交通心腎とは

交通心腎(こうつうしんじん)とは、心と腎の連携(心腎相交)を回復させ、水火のバランスを整える治法を指します。
心は火に属し上にあり、腎は水に属し下にありますが、正常では心火は下に降りて腎を温め、腎水は上に昇って心を潤すことで、陰陽の調和が保たれています。
しかし、この連携が失われると「心腎不交」となり、水火の不調和によって精神・睡眠・自律機能にさまざまな異常が現れます。

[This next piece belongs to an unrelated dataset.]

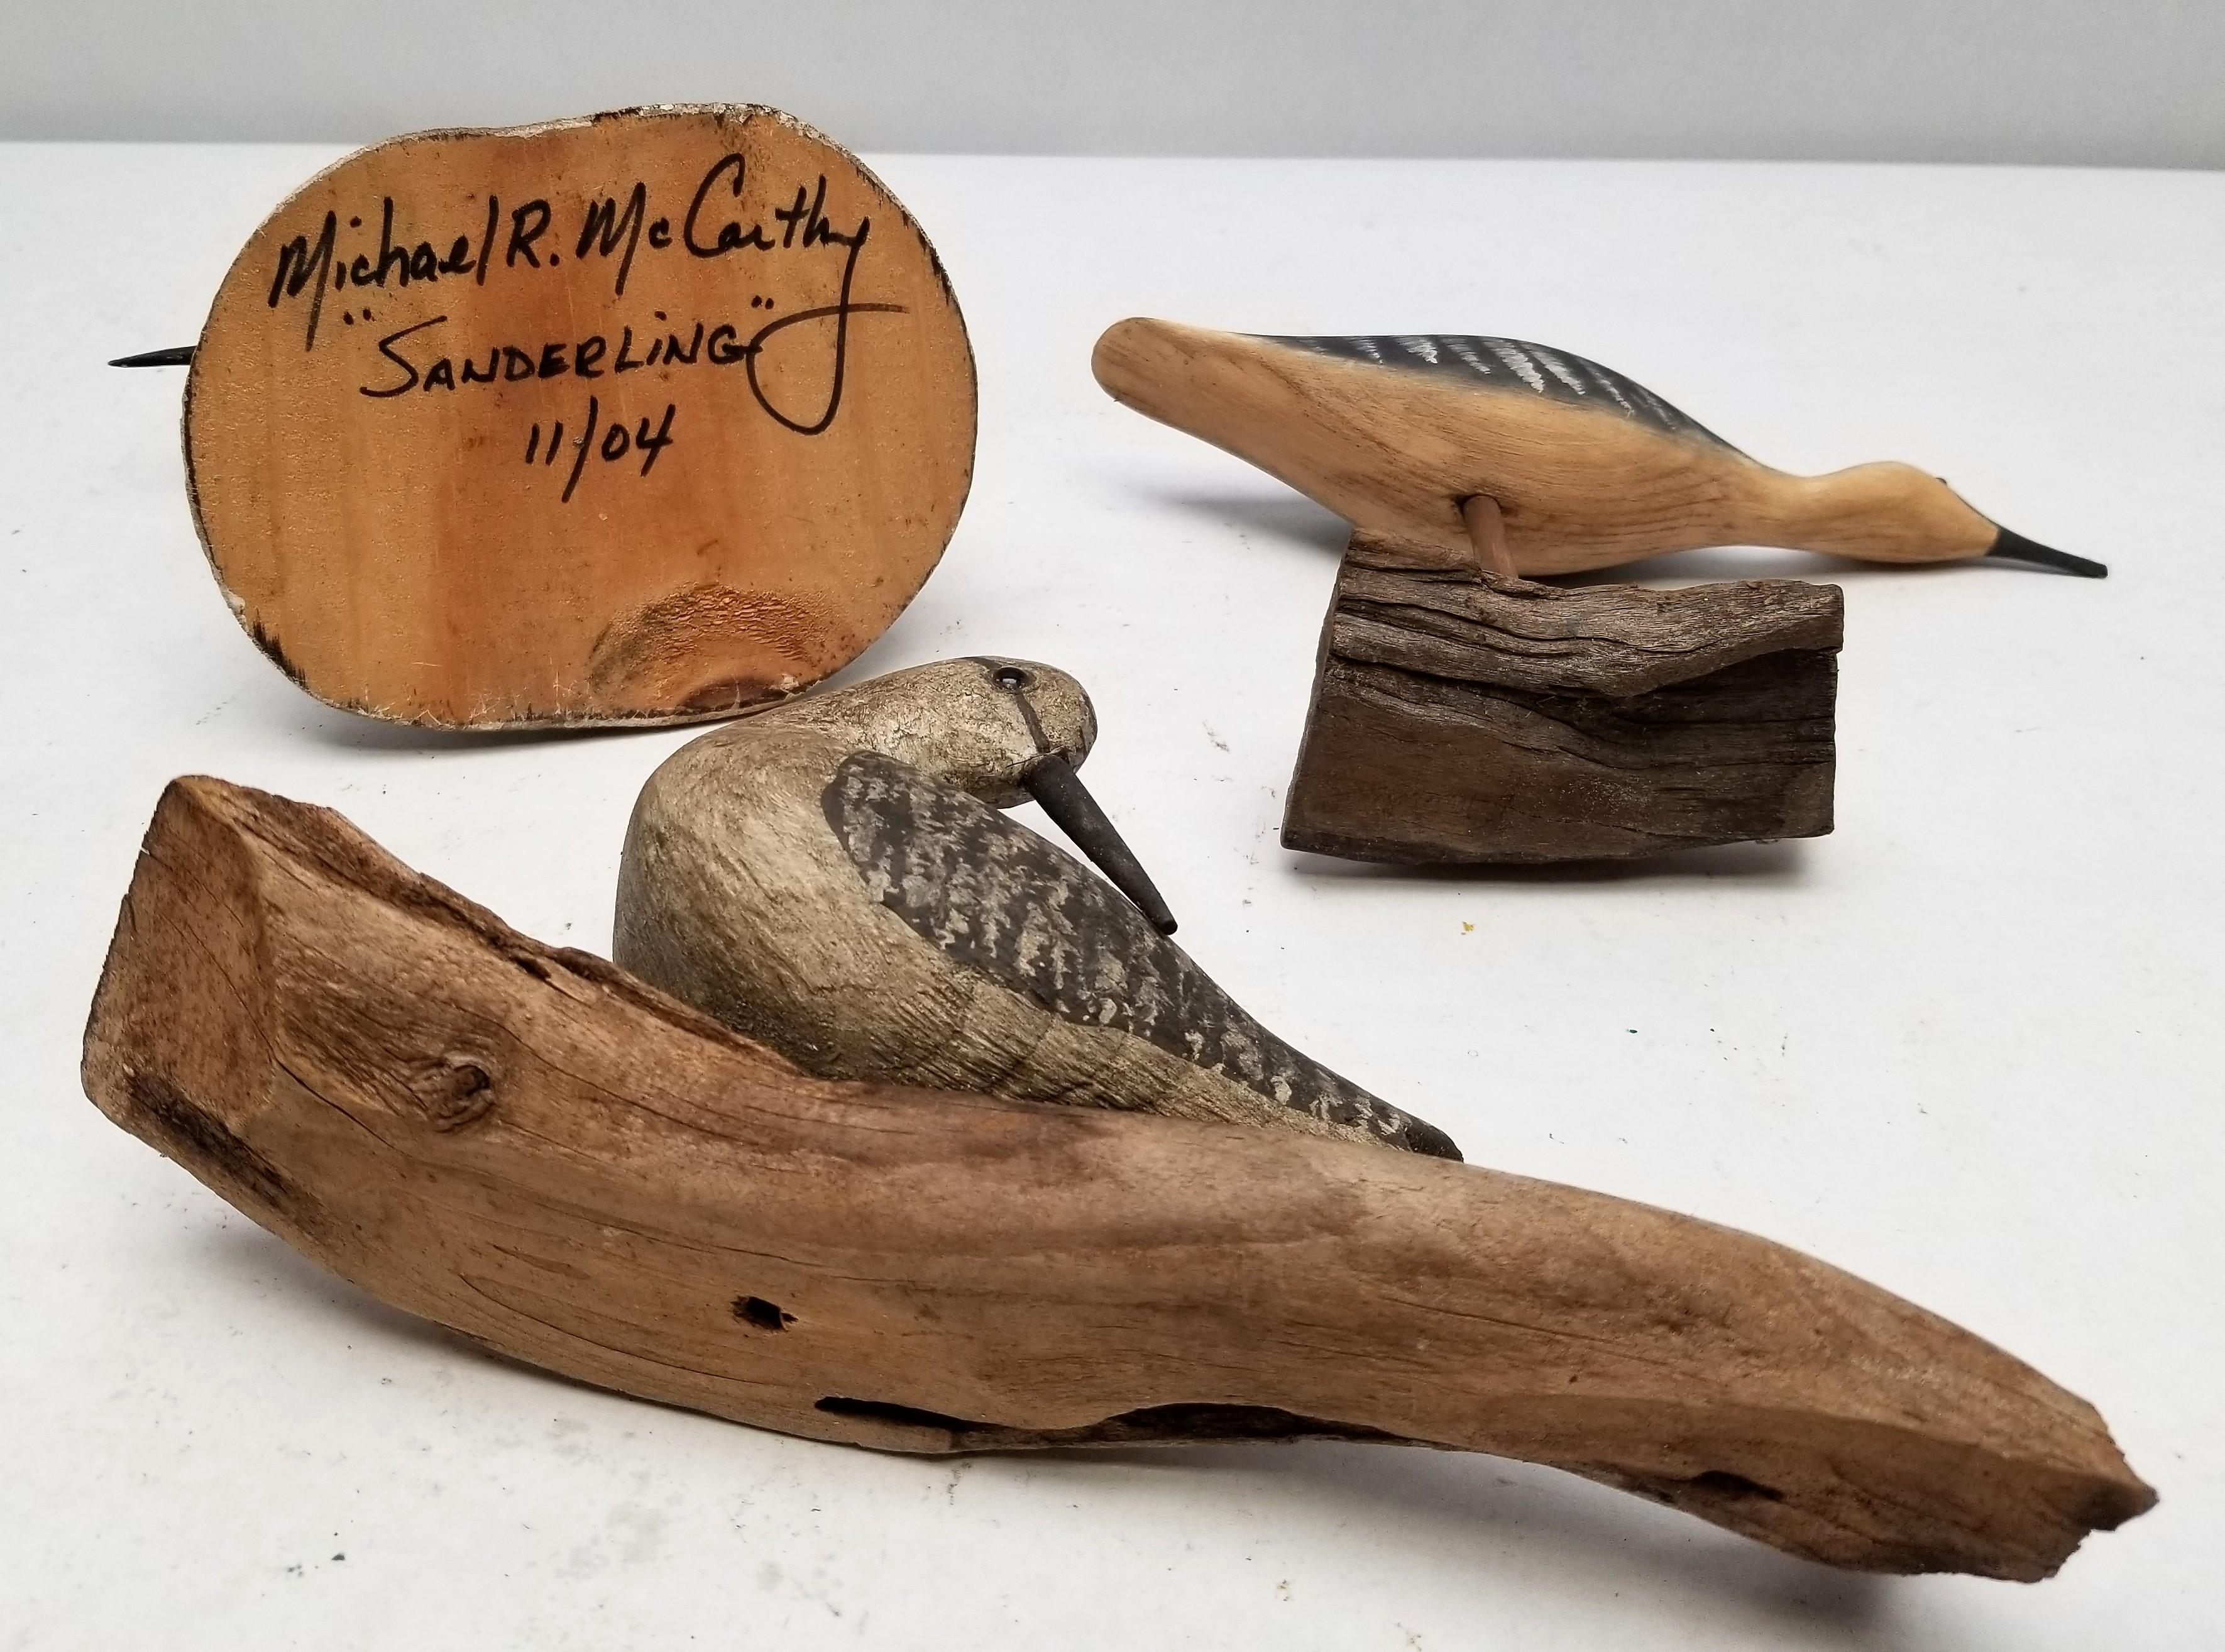 (3) Assorted Hand Carved Wooden Shorebirds

交通心腎は、腎陰を補いながら心火を適度に抑え、上下の交流を回復させることを目的とする治法です。
単なる補陰や清火ではなく、「上下の交通」を回復させる点に特徴があり、精神症状や不眠に対して重要な治療法です。

主な適応病証
心腎不交
陰虚火旺(心腎に関連するもの)
腎陰虚による心火亢進
・虚火上擾

主な症状
不眠(入眠困難・中途覚醒)、動悸、不安感、焦燥感、寝汗、口渇、めまい、耳鳴りなど。

治法の目的
・心と腎の連携を回復させる
・水火のバランスを整える
・虚火を抑える
・精神・睡眠状態を安定させる

代表的な配穴例
神門心兪腎兪太谿照海三陰交など。